Word for word, repeat the data; no picture should appear in the result.

(Items from a dataset)
▬▬▬▬▬▬▬▬▬▬
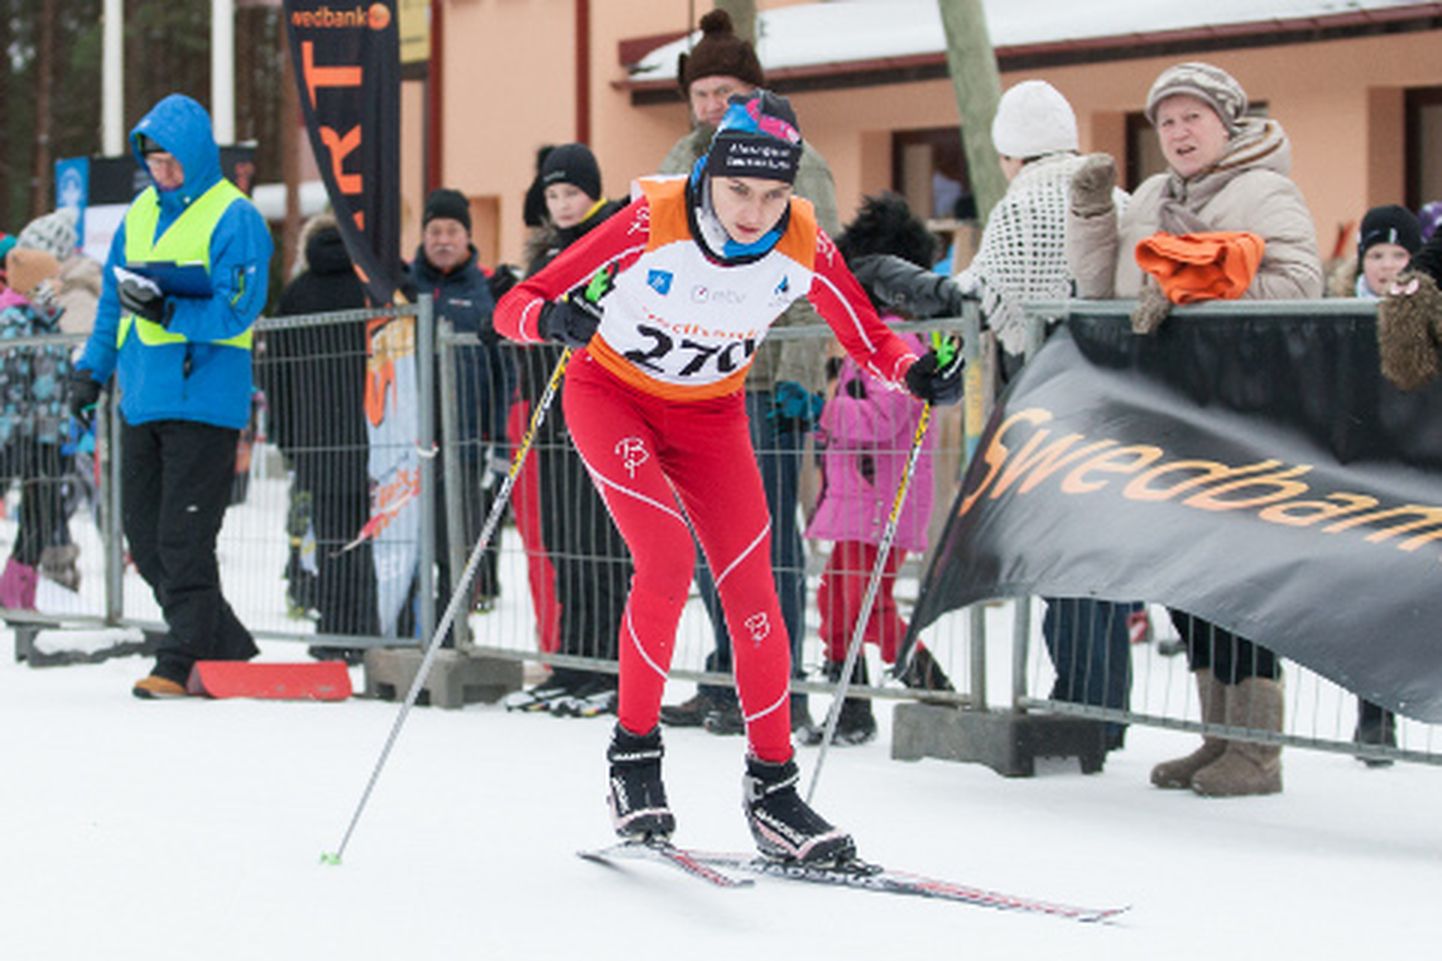 Läinud laupäeval Pannjärvel toimunud ETV noortesarja etapil võidutses kuni 14aastaste  seas Illuka valla tüdruk Aveli Uustalu, kes on selle vanuseklassi liider ka kahe etapi kokkuvõttes.
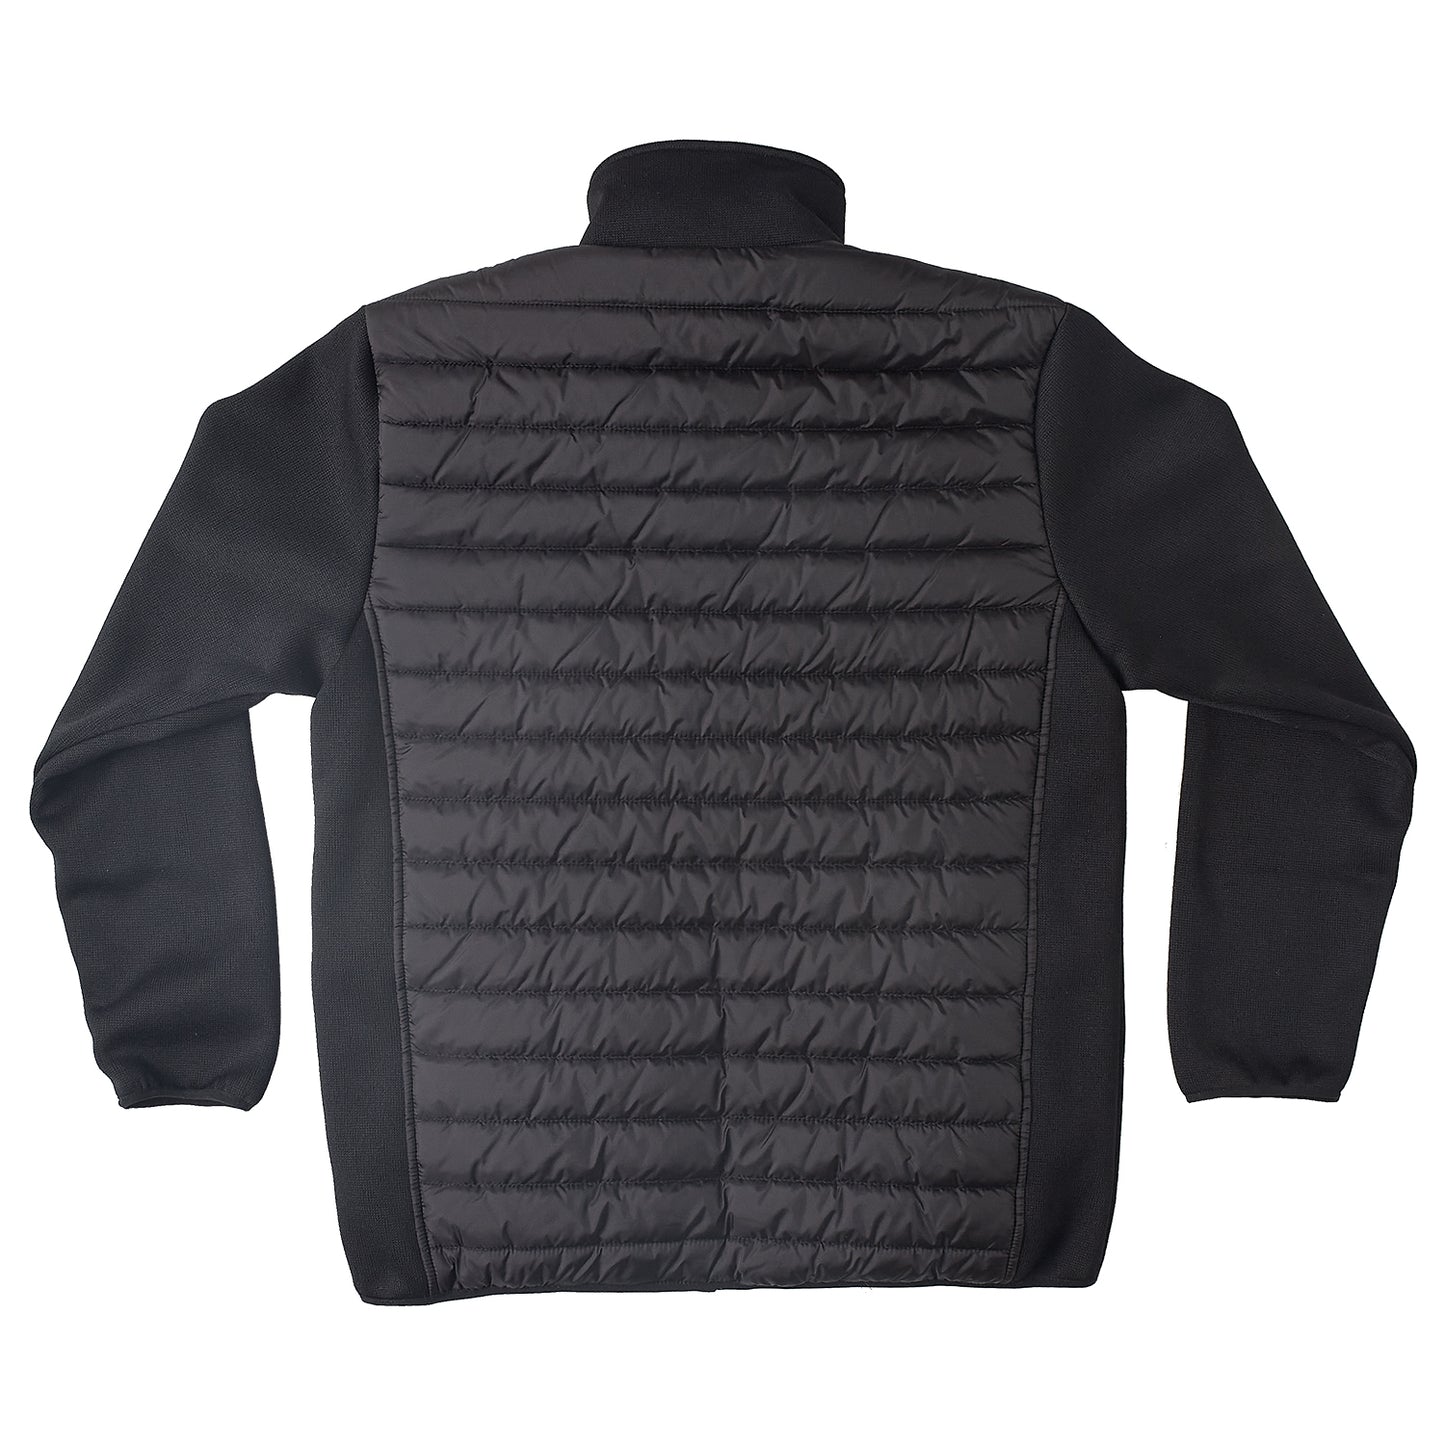 Brahma Vantage Corporate Padded Winter Jacket - Black - Back
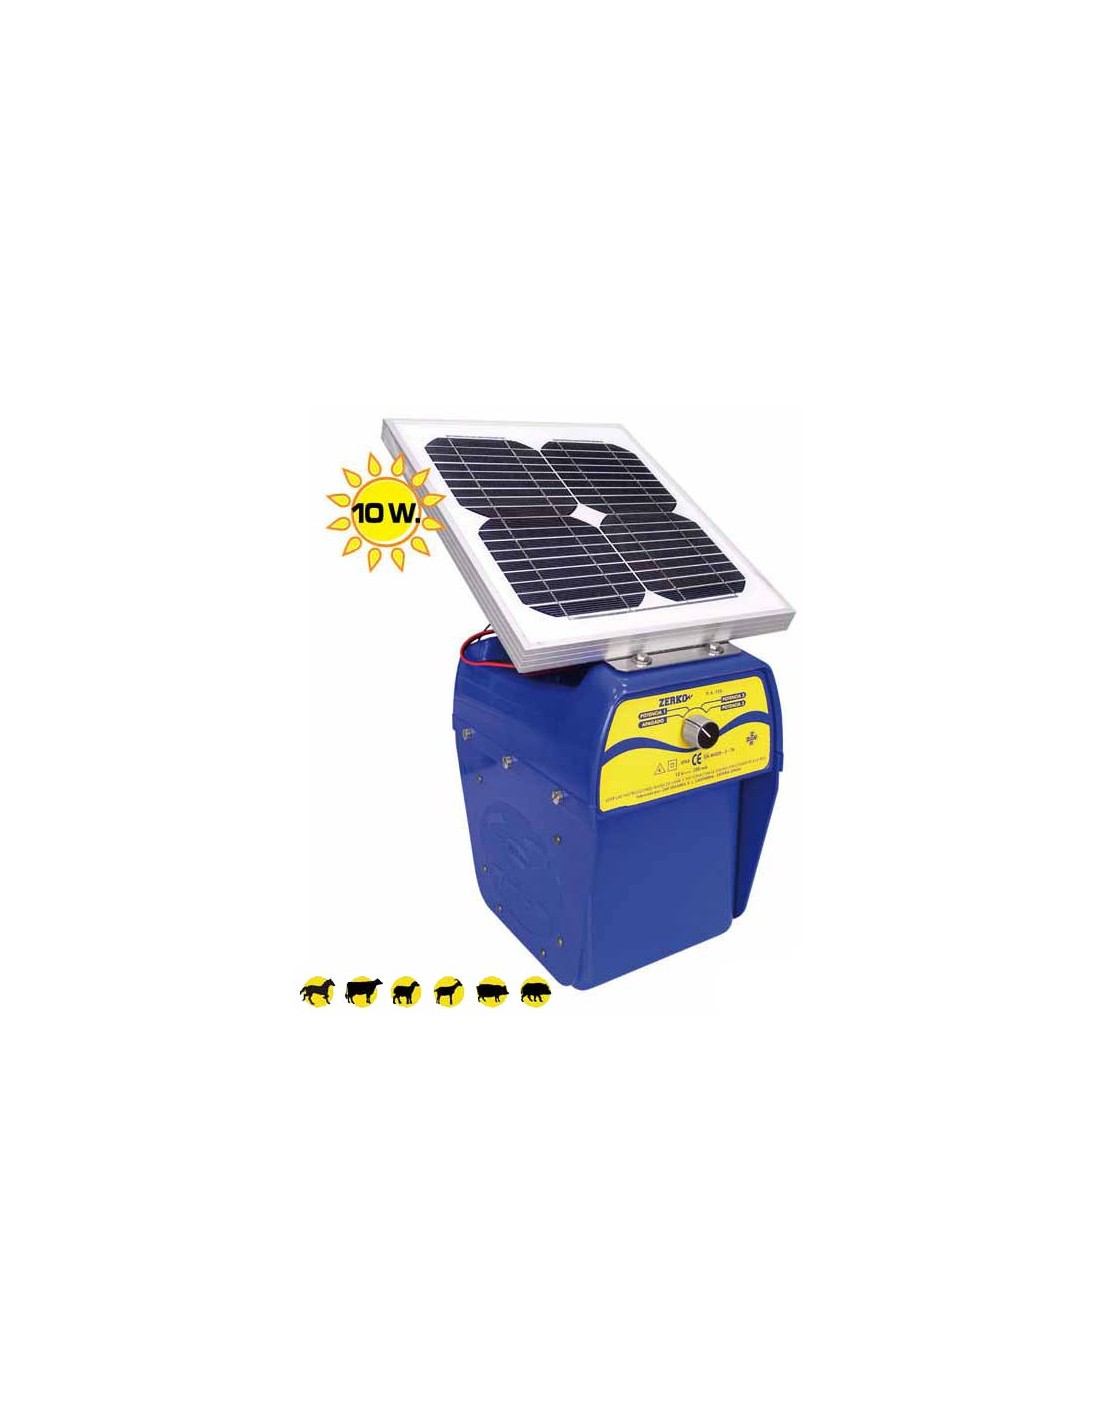 Pastor electrico Zerko-solar (sin bateria) - Agrocor
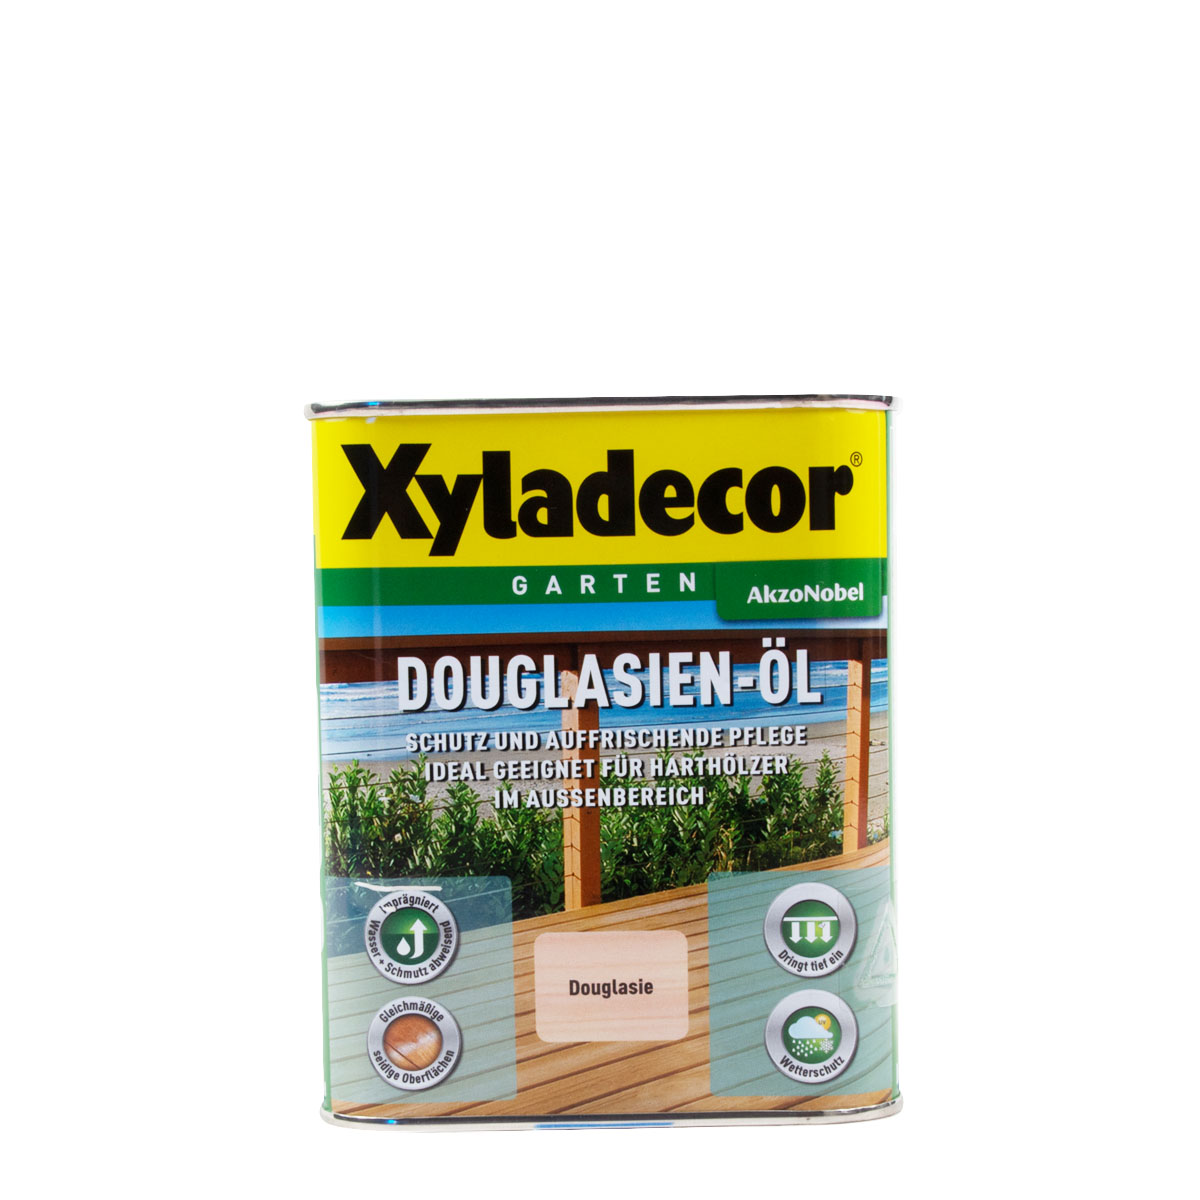 Xyladecor Douglasien-Öl 750ml, Pflegeöl, Terrassenöl
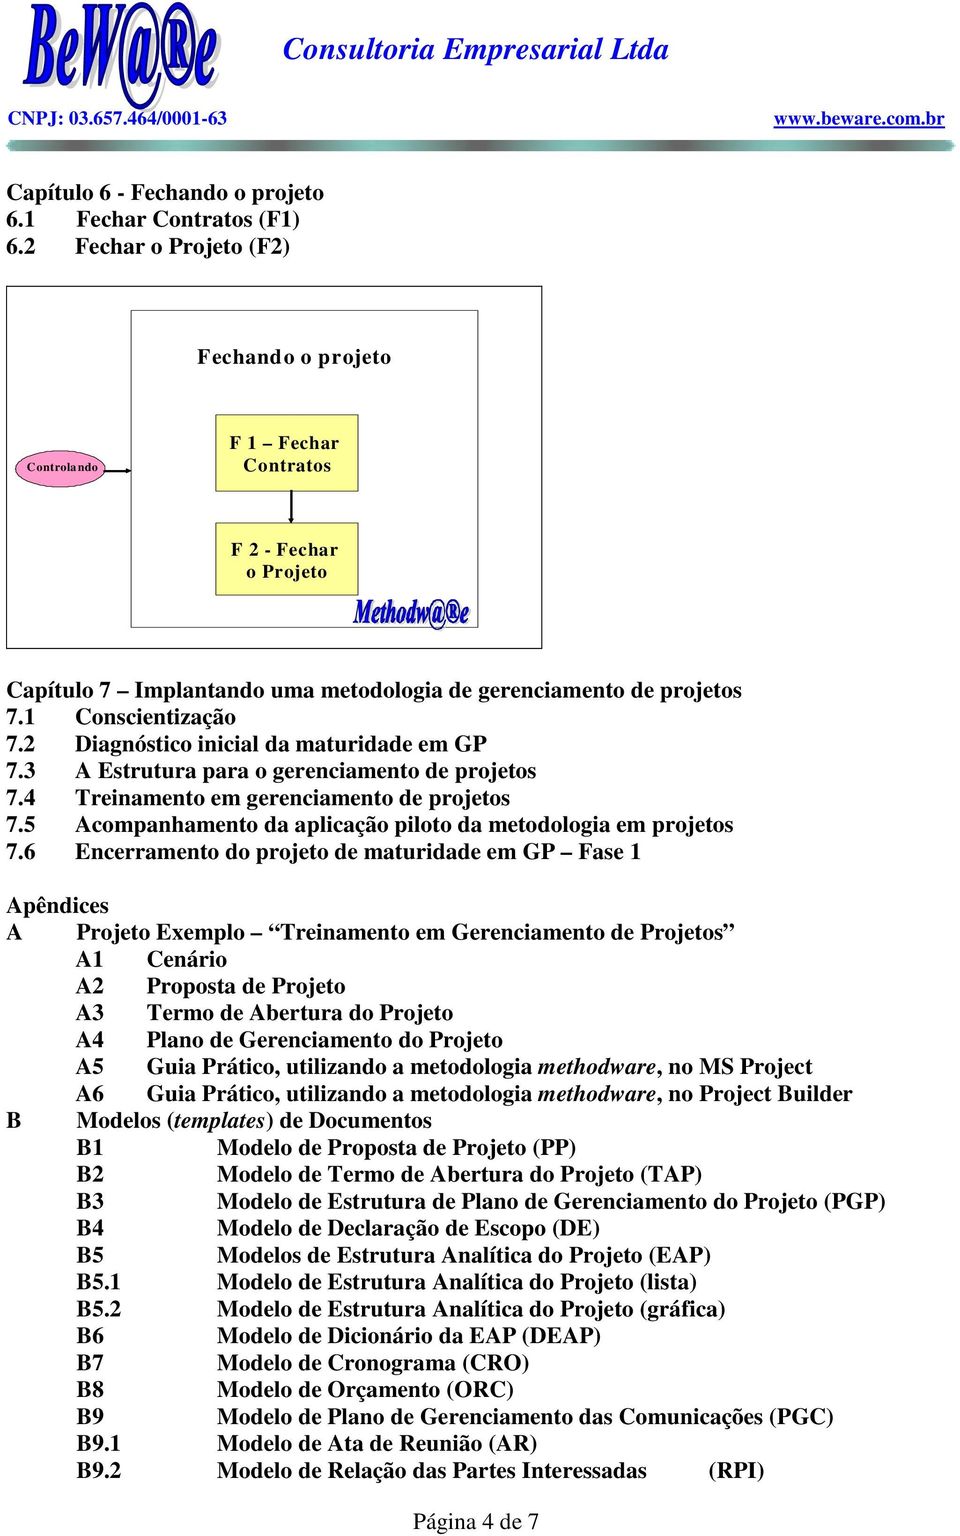 2 Diagnóstico inicial da maturidade em GP 7.3 A Estrutura para o gerenciamento de projetos 7.4 Treinamento em gerenciamento de projetos 7.
▬▬▬▬▬▬▬▬▬▬
▶ [TASK RESULT]:
 Läinud laupäeval Pannjärvel toimunud ETV noortesarja etapil võidutses kuni 14aastaste  seas Illuka valla tüdruk Aveli Uustalu, kes on selle vanuseklassi liider ka kahe etapi kokkuvõttes.
 Brahma Vantage Corporate Padded Winter Jacket - Black - Back
 Pastor electrico Zerko-solar (sin bateria) - Agrocor
 Xyladecor Douglasien-Öl 750ml, Pflegeöl, Terrassenöl
 2 Diagnóstico inicial da maturidade em GP 7.3 A Estrutura para o gerenciamento de projetos 7.4 Treinamento em gerenciamento de projetos 7.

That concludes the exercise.